The Grand Farewell
But how? We scurry over it so quickly in the Apostles' Creed, confessing that Jesus "ascended into heaven." But what does it mean for us?
A door to heaven
Since the fourth century, the church has celebrated Ascension Day on the sixth Thursday (or fortieth day) after Easter. Some may see the ascension as a tearful event. Jesus bids "farewell" to his disciples, signaling he will no longer be physically present with them. The joy of knowing the resurrected Jesus may have seemed short-lived.
But the disciples were not dabbing at their eyes for long, for the ascension proved a better blessing. Paul says Christ ascended so "that he might fill all things" (Eph. 4:10).

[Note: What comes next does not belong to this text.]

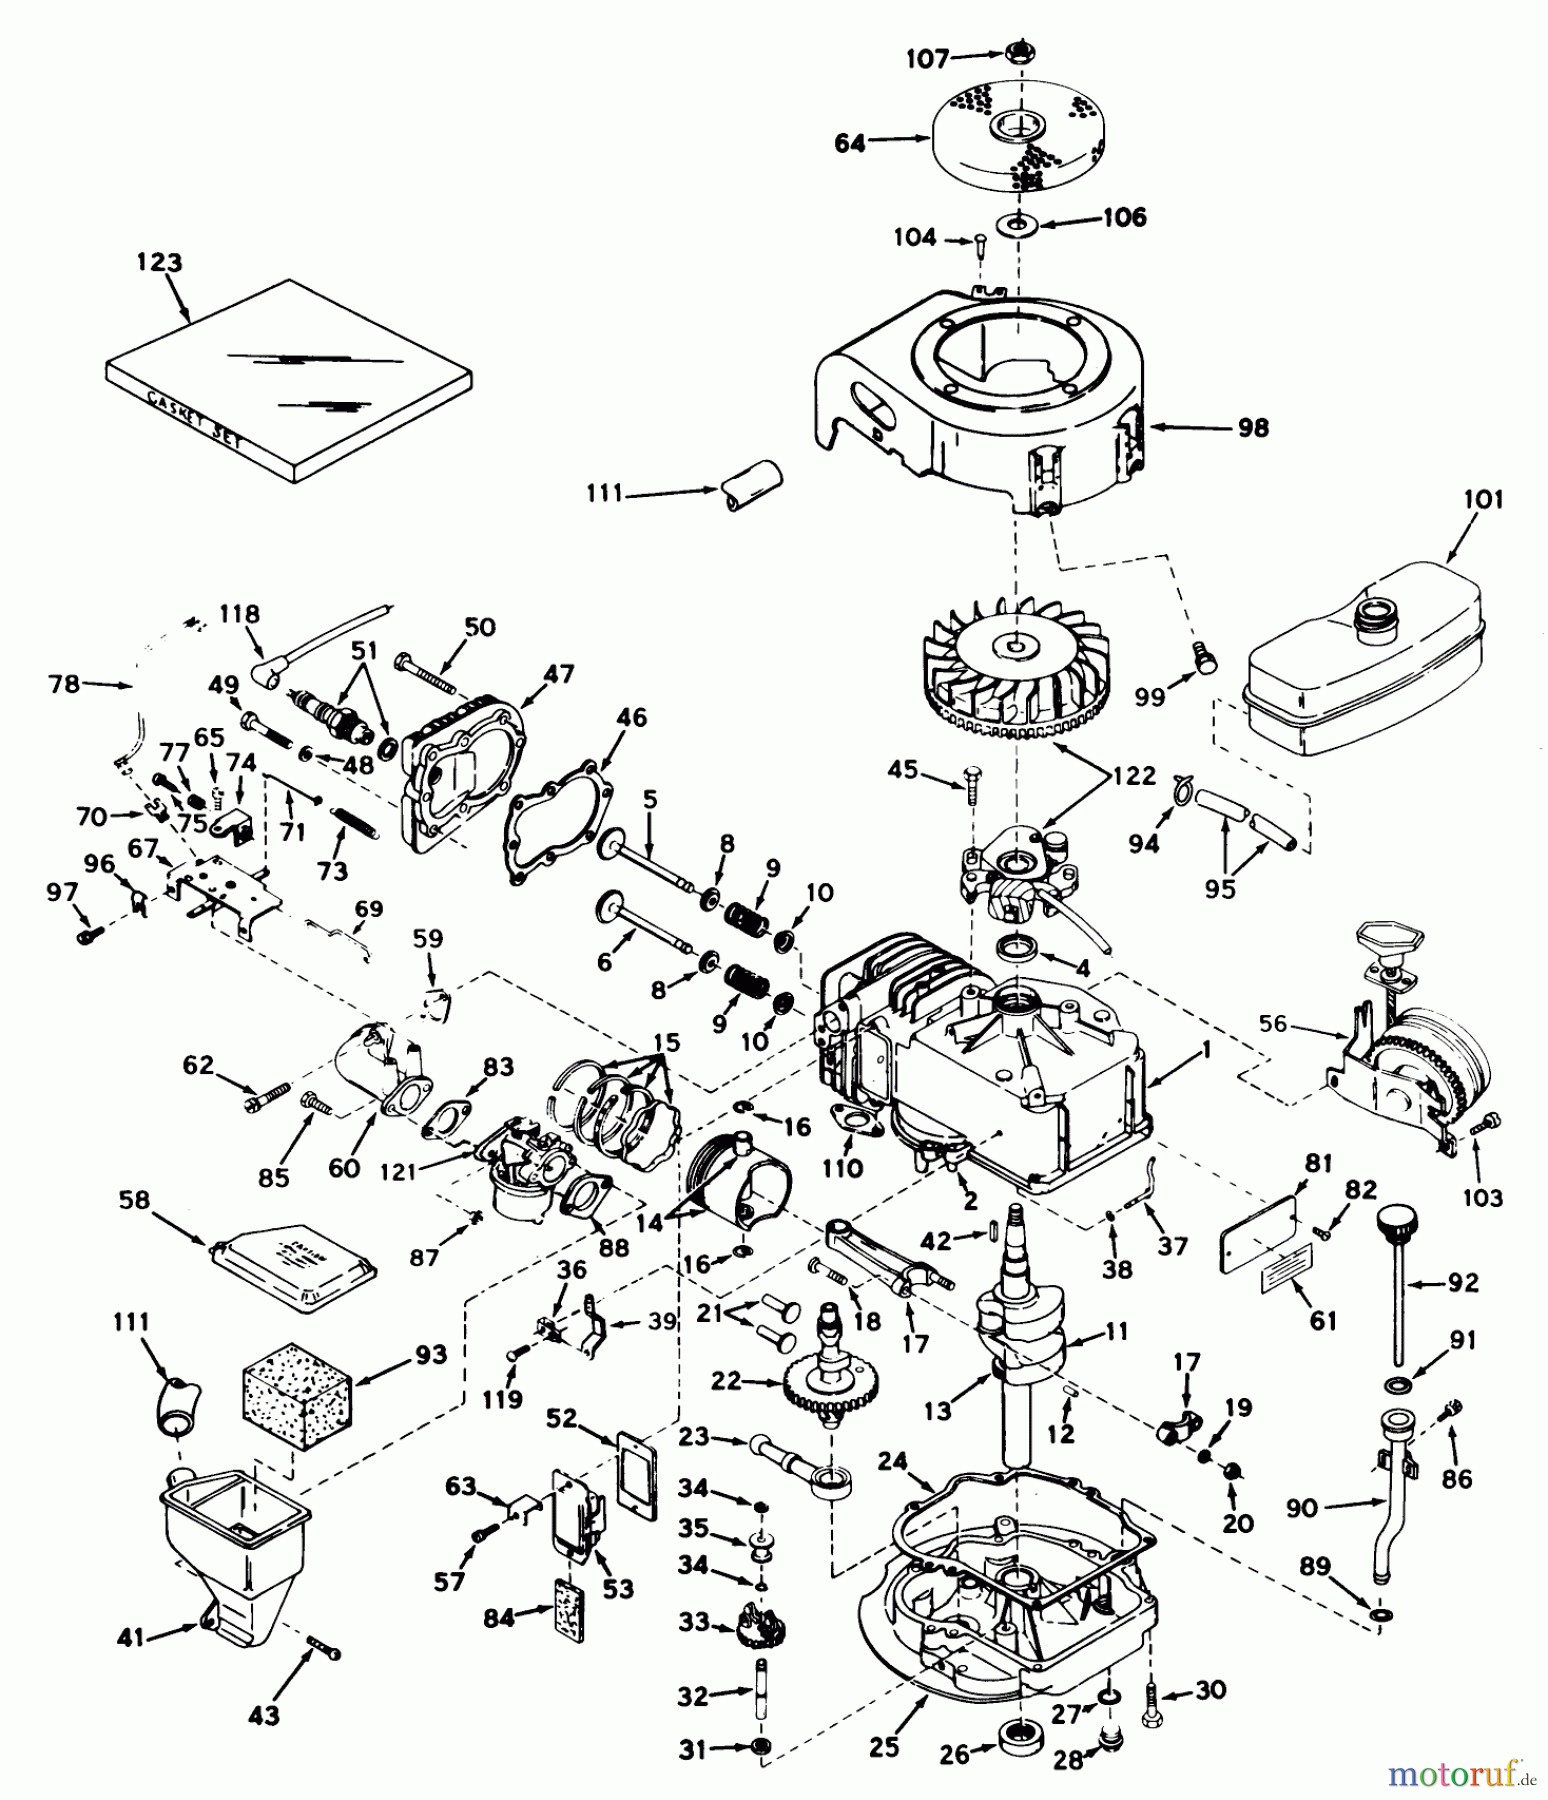  Toro Neu Mowers, Walk-Behind Seite 1 18070 - Toro Lawnmower, 1972 (2000001-2999999) ENGINE TECUMSEH MODEL NO. LAV30-30481K

John Calvin pointed out that "Christ left us in such a way that his presence might be more useful to us—a presence that had been confined in a humble abode of flesh so long as he sojourned on earth. … As his body was raised up above all the heavens, so his power and energy were diffused and spread beyond all the bounds of heaven and earth." Christ's spiritual presence is with believers wherever they are, whether trauma centers or traffic jams or on troop transports. Now we always have Christ.
Our faith receives many benefits from Christ's ascension. Calvin, the premier theologian of the Reformation, listed three:
First, Christ opens the way to the heavenly kingdom. Christ's ascension inaugurates the kingdom of God. The "age to come" has come to Earth because Jesus has ascended to heaven. Like a fairy-tale Prince Charming, this real-life Prince of Peace has awakened his cursed and sleeping people and brought them into God's happily-ever-after. The way to heaven, blocked since the sin of Adam and blocked in our own lives because of our sin, has been opened—cleared by the work of Jesus Christ, through his obedience to God, death on the cross, resurrection, and ascension to rule with God.
Jesus has "entered heaven in our flesh, as if in our name," writes Calvin. So in a sense, as Paul says, we are seated with God "in the heavenly places in Christ Jesus" (Eph. 2:6). Or, as Calvin again writes, "We do not await heaven with a bare hope, but in our Head [Jesus Christ] already possess it."
Second, Christ has become our Advocate and Intercessor. This is a vital New Testament theme (Heb. 7:25; 9:11-12; Rom. 8:34). The ascended Jesus is our advocate or "defense counsel." More effective than Melvin Belli, he does not rely on procedural tricks or rhetorical eloquence, but still he changes God's whole way of looking at us by standing in our place. Instead of looking on our sin, God looks on Christ's righteousness. We are sinners, to be sure. But we are redeemed sinners. We are received by God's grace in Christ as God's children because of what Jesus did for us on the cross. We have one who acts on our behalf and opens the way for us to approach God without fear. Nothing could make us bolder! Nothing can fill us with complete confidence more than knowing that Jesus supports us and mediates for us in the presence of God.
Third, Christ gives us his power. In his resurrection and ascension, Christ was raised victorious over the evil powers of sin and death. As Paul wrote, "When he ascended on high he made captivity itself a captive" (Eph. 4:8, NRSV). Christ now sits on high, according to Calvin, "transfusing us with his power" while he "daily lavishes spiritual riches" upon his people.